My boyfriend and I, a few months before we went to Xinjiang Autonomous Region.

China has 56 official ethnic groups. For the most part, there are Han Chinese in every province making up over 90% of the population. Then you’ve got the recognized autonomous regions with diverse and fascinating minority groups. These include (but aren’t limited to) Yunnan, Inner Mongolia and Xinjiang.

We were planning what to do for Chinese National Holiday (first week of October). Our list included a number of provinces, but we both knew that Xinjiang and Tibet were top priorities. If you’ve read my Tibet blogpost, you’ll know that Tibet was still off the table. We also knew that with Covid popping up at random, going to somewhere as strict with the pandemic as Xinjiang could mean a cancelled tour at any moment. We had friends who had been recently and were sent home just two days after arriving. Even avid solo-travellers I knew struggled to maintain patience.

After some um-ing and ah-ing, we decided to bite the bullet and book a tour (with Wanna Travel). Now Xinjiang is open to foreigners, however navigating it is much easier in a group. Xinjiang has a ridiculous amount of police checkpoints and city border controls. There are also limited hotels that accept foreigners. So, in a group, your tour guide is responsible for documents and makes the process quicker.

From what I saw, if you have no time constraints you can slowly navigate Xinjiang on your own. BUT Prepare your patience for all the checkpoints and understand that being a foreigner = restrictions.

Xinjiang is HOW big?!

Making up 1/6 of ALL of China’s land, Xinjiang is the biggest province
and has an area of 1.6 million square km. Visiting Kashgar, Turpan and
Urumqi, we got to see just a fraction of it.

Tash in the Kash(gar)

October quickly arrived and we were off. Incredibly, the journey took over 7 hours (Shanghai > Lanzhou > Kashgar), and we were still in the same country! Interestingly, we had to close the shutters between Lanzhou and Kashgar to avoid any sightings of military zones within Xinjiang. We arrived in Kashgar and immediately felt like we were somewhere different entirely.

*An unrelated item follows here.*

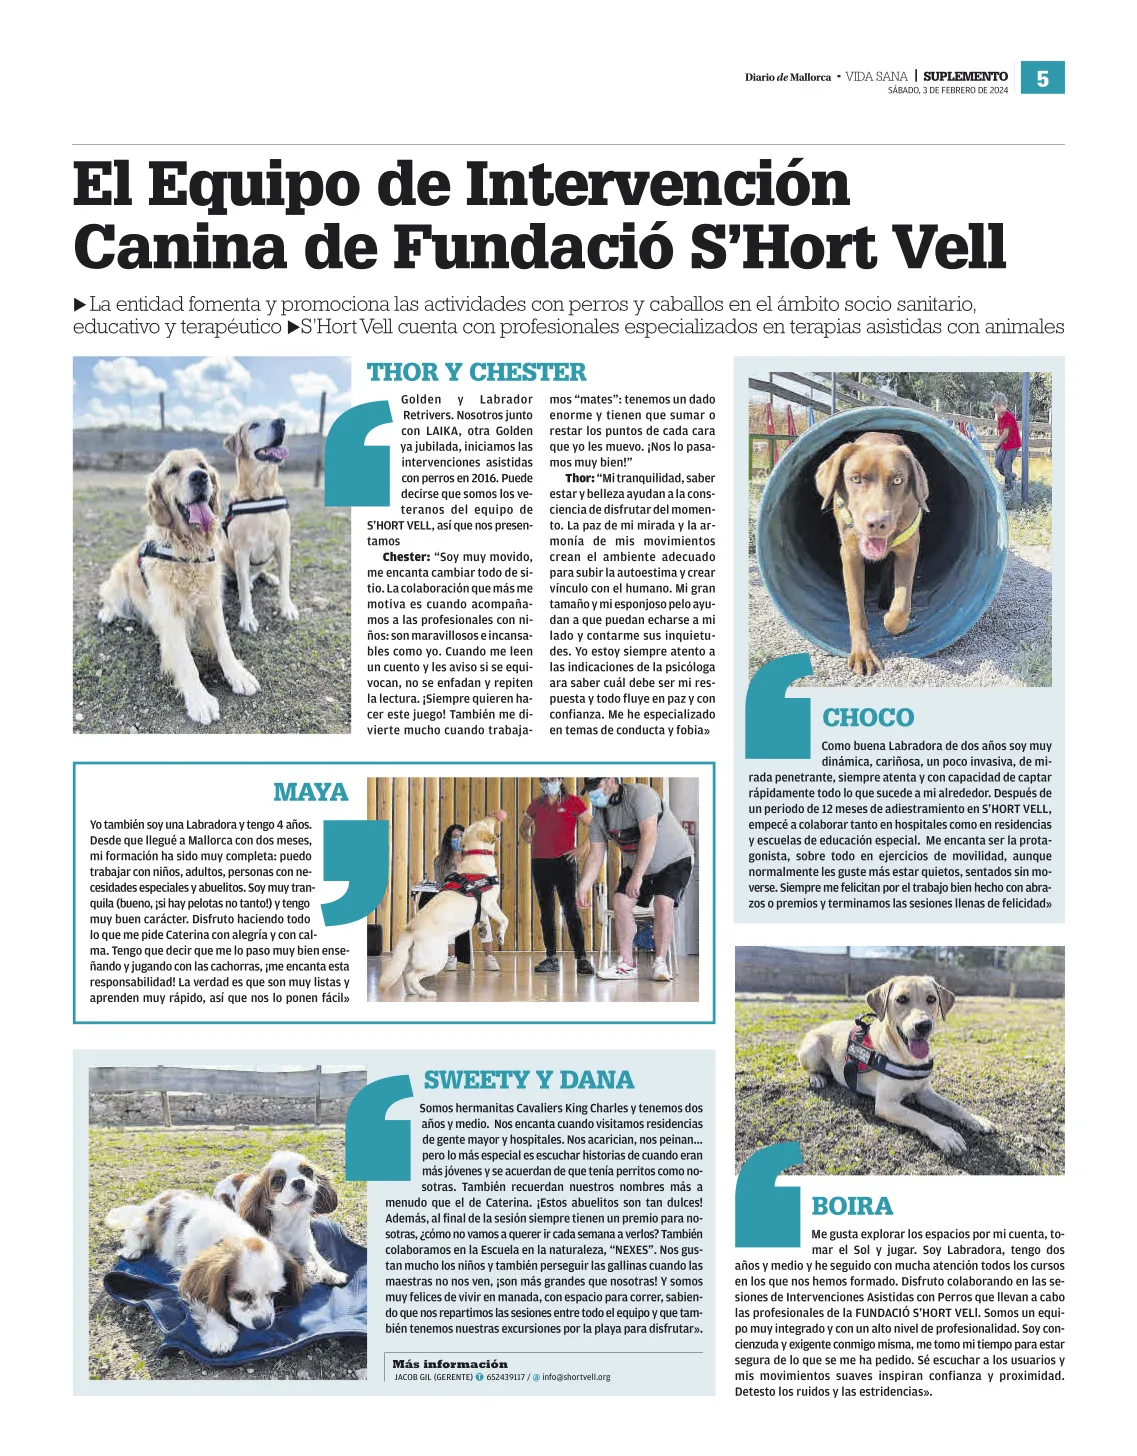 Equipo canino Fundació S'Hort Vell para Intervenciones Asistidas con perros

On arrival we boarded a bus to get our compulsory Covid test done and meet our tour guide. After leaving our things in the hotel, we had the evening to explore on our own. Obviously, we headed straight for Kashgar Ancient City. Here we witnessed the true Uyghur architecture and customs. Dried fruit, lamb and pomegranates – need I say more? We were in snack heaven!

The lower section of the city was predominantly market and tourism orientated. Venturing up some stairs, we found ourselves in the alleyways of local homes. It seemed a lot of children were surprised to see us there, which meant a lot of warm smiles and greetings. The architecture and rugs really resembled scenes in Turkey and India – we had completely left the China we knew.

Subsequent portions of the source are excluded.